**Directions for this task:** The reply is a verbatim copy of the listing below with its images dropped.

**Dataset excerpt:**
==========

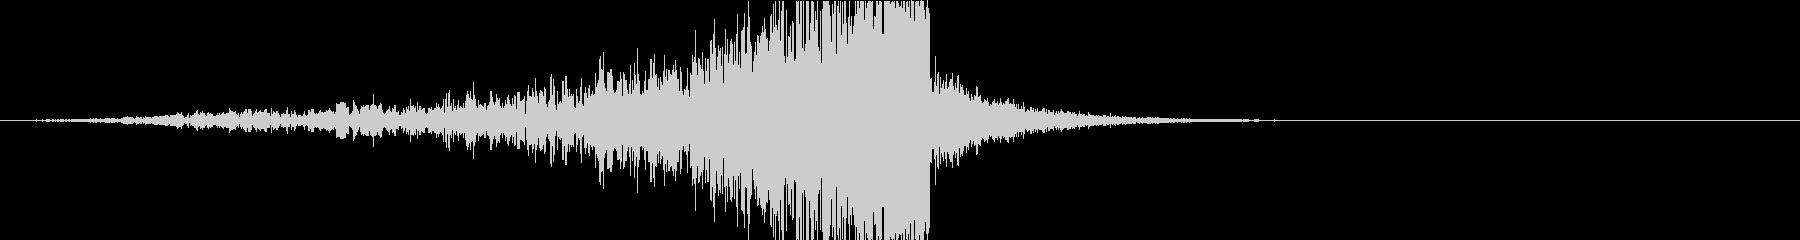 ドラマティックなリバース音36-01の未再生の波形
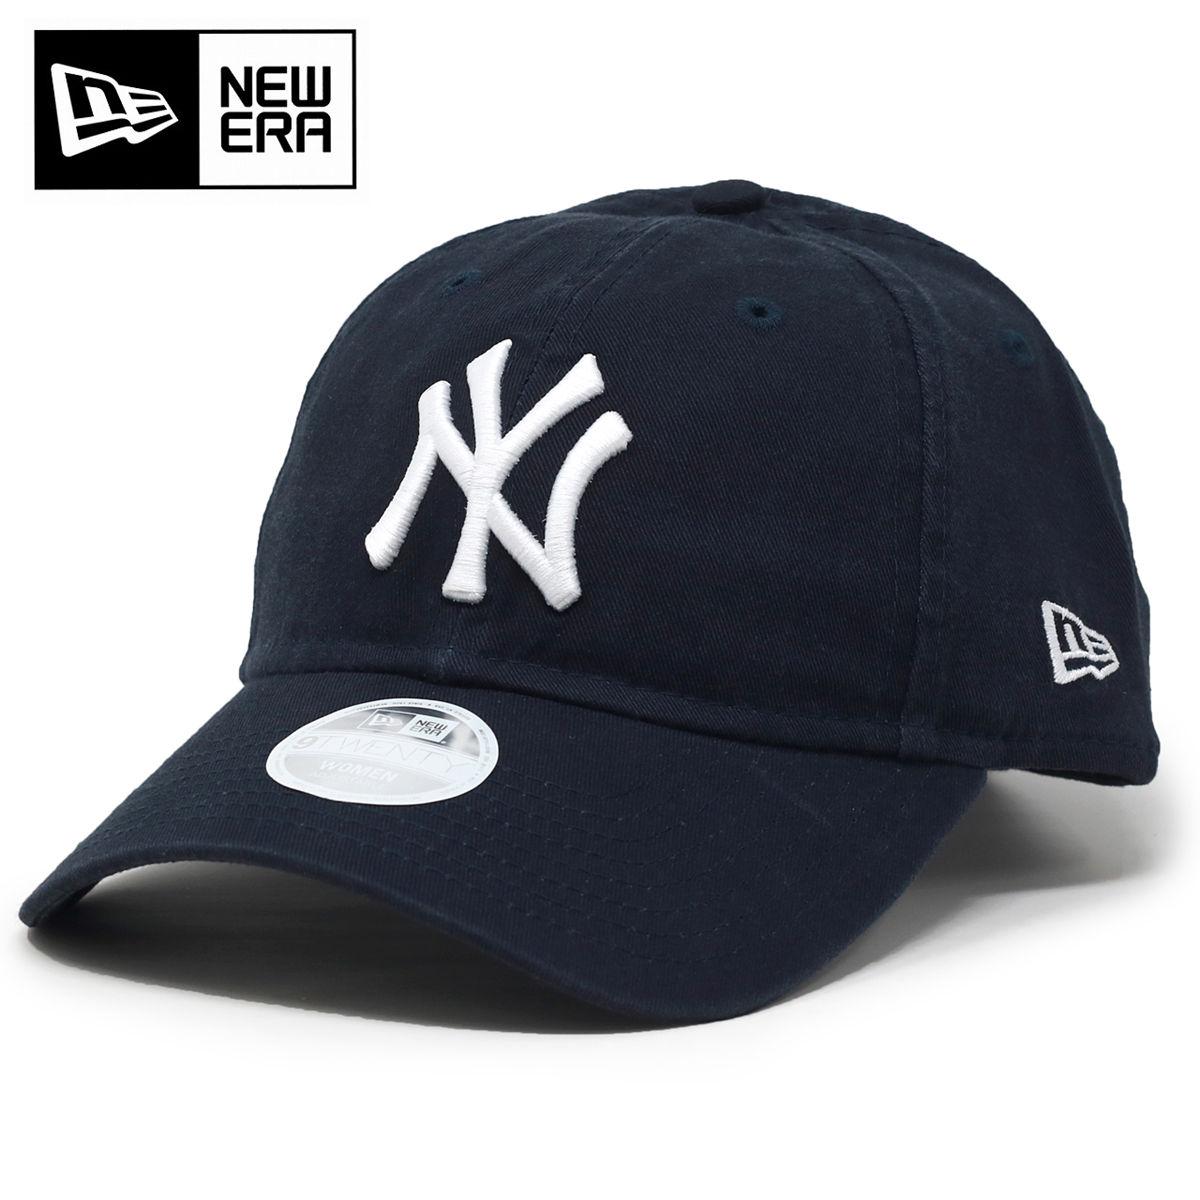 送料無料 メール便 ニューエラ レディース 帽子 ロゴキャップ NEWERA キャップ ニューヨークヤンキース MLB 商い ワンポイント フロントロゴ 9TWENTY New York 紺 WOMAN ダークネイビー バックアジャスターベルト Yankees 洗い加工 サイズ調整可 ニューエラ帽子 プレゼント cap 誕生日 小さいサイズ セットアップ baseball ギフト包装無料
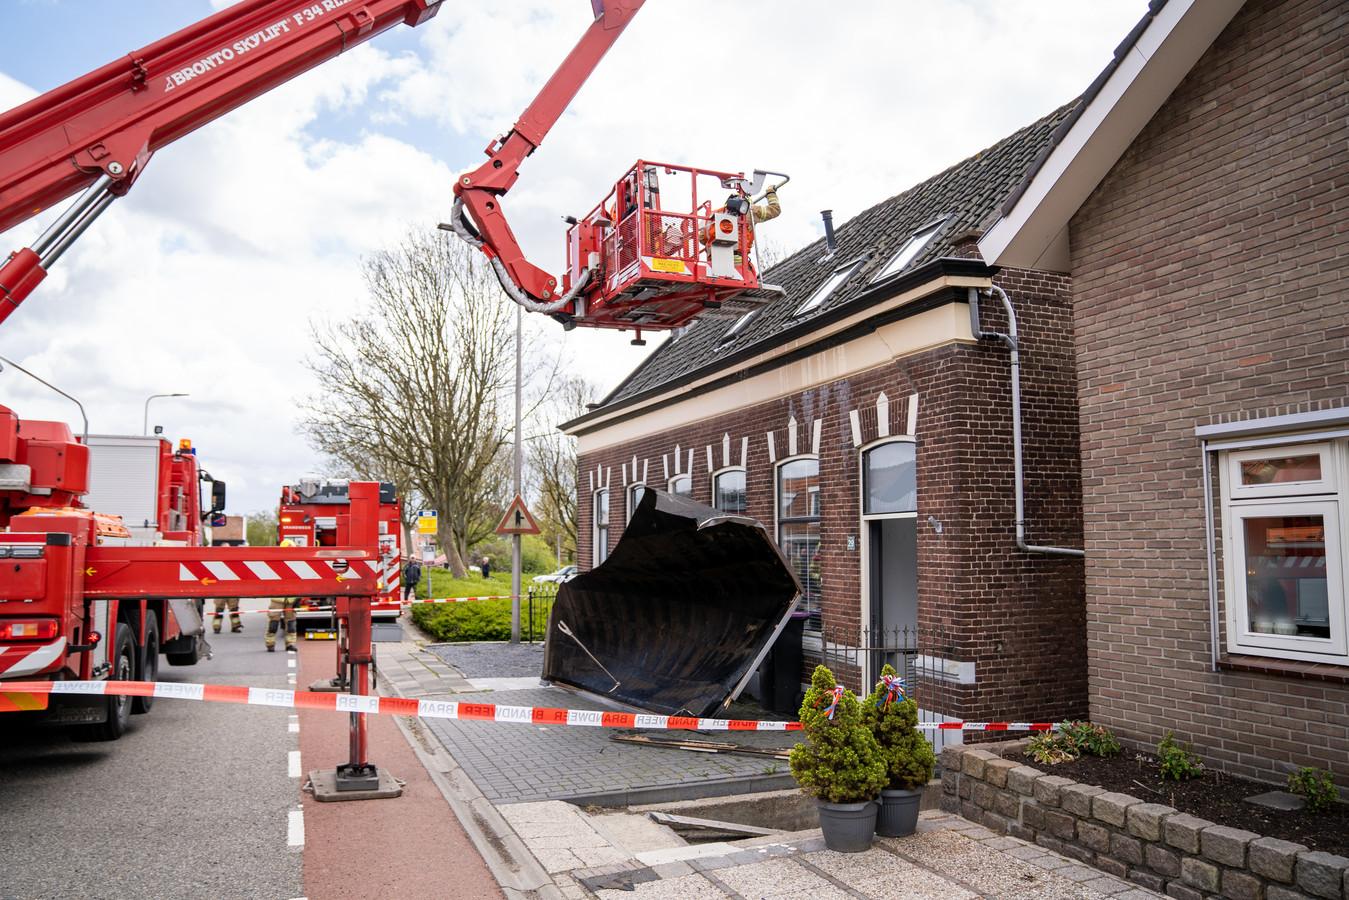 Met behulp van een hoogwerker heeft de brandweer het stuk dak in Zuidland veilig naar beneden gekregen.

==========

**Your response:**
 ドラマティックなリバース音36-01の未再生の波形
 送料無料 メール便 ニューエラ レディース 帽子 ロゴキャップ NEWERA キャップ ニューヨークヤンキース MLB 商い ワンポイント フロントロゴ 9TWENTY New York 紺 WOMAN ダークネイビー バックアジャスターベルト Yankees 洗い加工 サイズ調整可 ニューエラ帽子 プレゼント cap 誕生日 小さいサイズ セットアップ baseball ギフト包装無料
 Met behulp van een hoogwerker heeft de brandweer het stuk dak in Zuidland veilig naar beneden gekregen.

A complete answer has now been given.